Но апофеозом нашего путешествия стал обзор столицы со смотровой площадки Ленинских (Воробьевых) гор. Недаром же сюда приезжают новобрачные, и кисейная фата невест, подхваченная ветром, развевается над глубокой падью. Прекрасно спланирована сама площадка с балюстрадой, и как хорошо, что сохранили маленькую церковку с зелеными главками, будто печать в углу грамоты, дарующей милость, а грамота та — вся расстилающаяся внизу, охватная из края в край Москва. Чудесна крутая излука реки Москвы, огибающей территорию стадиона; великая причастностью к столице, но не ширью и обилием вод, река набирает здесь силу и упругость.
Думается, смотровая площадка помогла решению давнего и некогда ожесточенного спора — насколько уместны в Москве высотные здания. Я принадлежал к числу решительных противников этих полунебоскребов. Но, положа руку на сердце, как естественно и необходимо вписываются они в силуэт Москвы! Более того, они-то и создают этот характерный силуэт, отлично уживаясь с златоверхим Иваном Великим, колокольней Новодевичьего монастыря и Меншиковой башней — старыми московскими вершинами. Вот это надо помнить, когда заходит речь о смелых нововведениях: то, что кажется неприемлемым сегодня, завтра может стать естественным как дыхание. Но случается и другое, об этом в своем месте…
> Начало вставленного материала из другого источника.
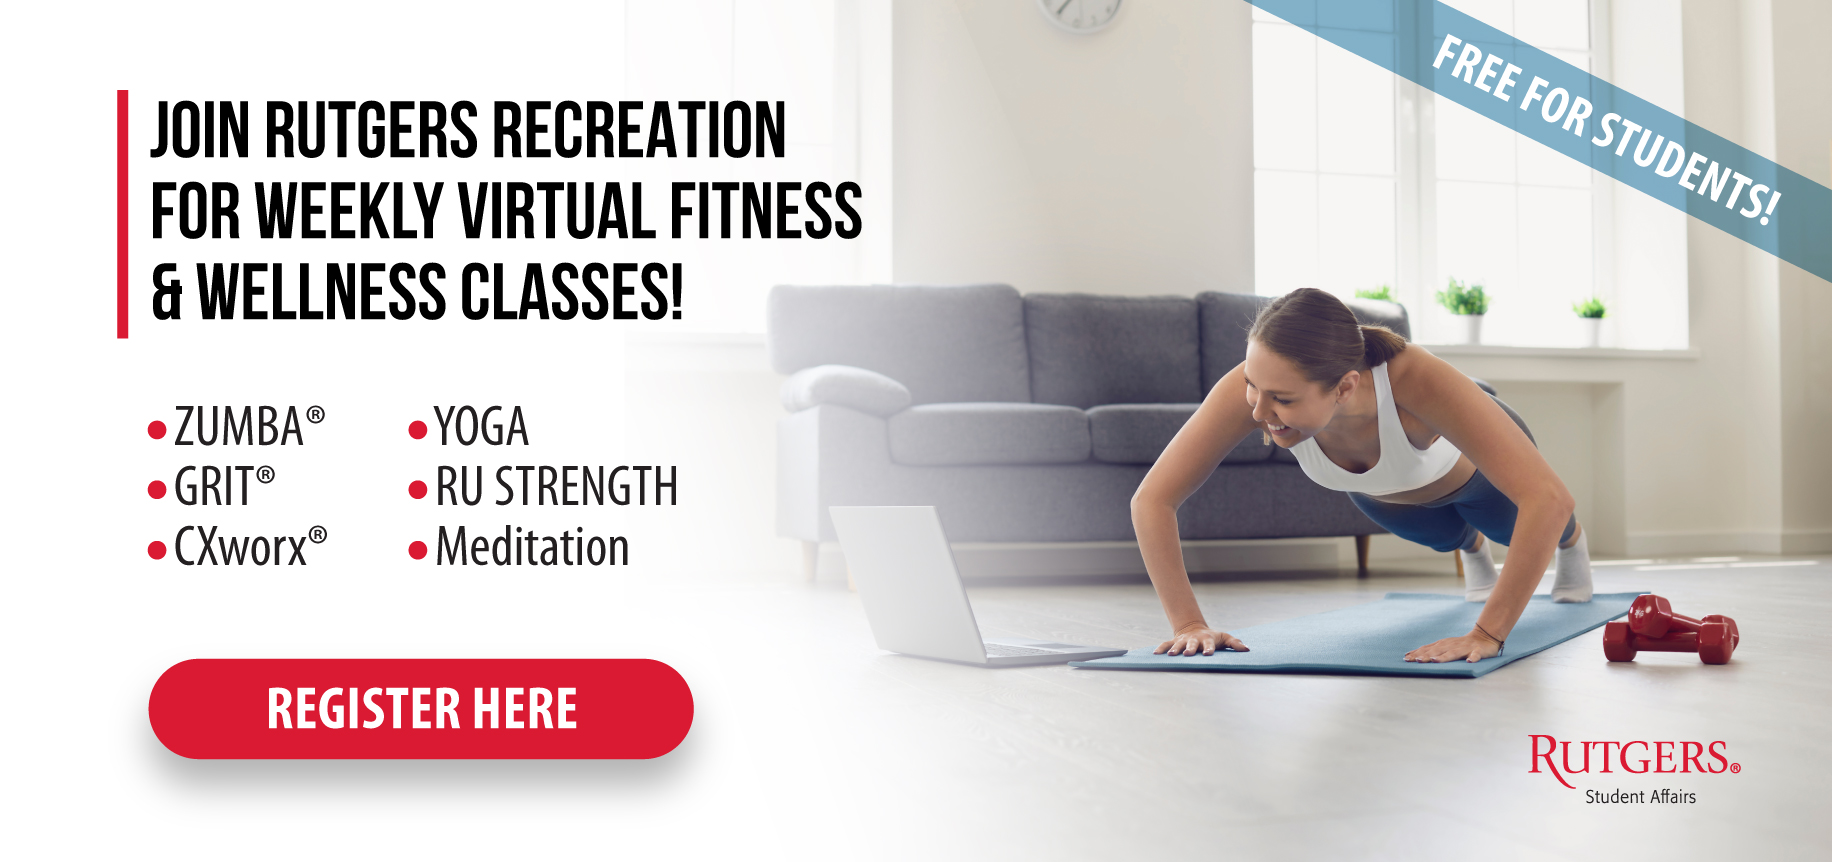 Rec_FitnessClasses_Virtual_January_WebBanner_1832x862_S21_KP-1

И, вглядываясь в город, погрузившийся в дымчатую синь, предвестницу вечерних сумерек, и совсем забыв о милой, странной Грейс, вдруг запевшей что-то таинственное, как ночь ее родины, хриплым, волнующим, древним голосом, я тщился понять, мой ли еще этот город или я потерял его навсегда. Город, как и человека, можно потерять, не расставаясь с ним, находясь в каждодневном поверхностном общении. Я с болью почувствовал, что совсем не знаю эту новую Москву и даже боюсь ее. Боюсь, что она стала совсем другой и мне не уловить знакомых, родных черт и не связать настоящего с прошлым. Меня равно не устраивало в отношениях с Москвой ни холодное восхищение постороннего наблюдателя, ни брюзжание пронафталиненного старожила, цепляющегося за уходящую привычность. Мои дела с Москвой всегда были горячи.
Вот тогда я и принялся писать свои московские рассказовые циклы, думая прийти к Москве из дали воспоминаний. Писалось хорошо, увлеченно, прошлое оживало, но мне хотелось чего-то другого, а чего — и сам толком не понимал. Я воскрешал переулки своего детства, но ведь они стали другими, я же сторонился их нового образа. Все написанное ни на шаг не приблизило меня к сегодняшней Москве.
Выйти из тупика мне помог мальчик с рыжей головой, так напряженно и доверчиво припавший к окну, за которым влажно дышал весною мартовский мир московской окраины. Мальчик был изображен на плакате, оповещающем об открытии выставки художника Евгения Куманькова, которого я знал лишь как художника кино.
На выставке мне открылся новый Куманьков, для меня новый, ибо другим он был давно известен и как великолепный рисовальщик, и как интересный театральный художник, и как тонкий иллюстратор, хотя его рисунки к «Пиковой даме» остались в листах. Но главным открытием для меня стало, что Москва — ведущая тема графики Куманькова, Москва сегодняшняя, Москва уходящая, Москва наступающая, Москва в борении старого и нового, Москва, Москва, Москва… И всю очарованность Москвой он вложил в прелестного рыжего мальчика, своего сына…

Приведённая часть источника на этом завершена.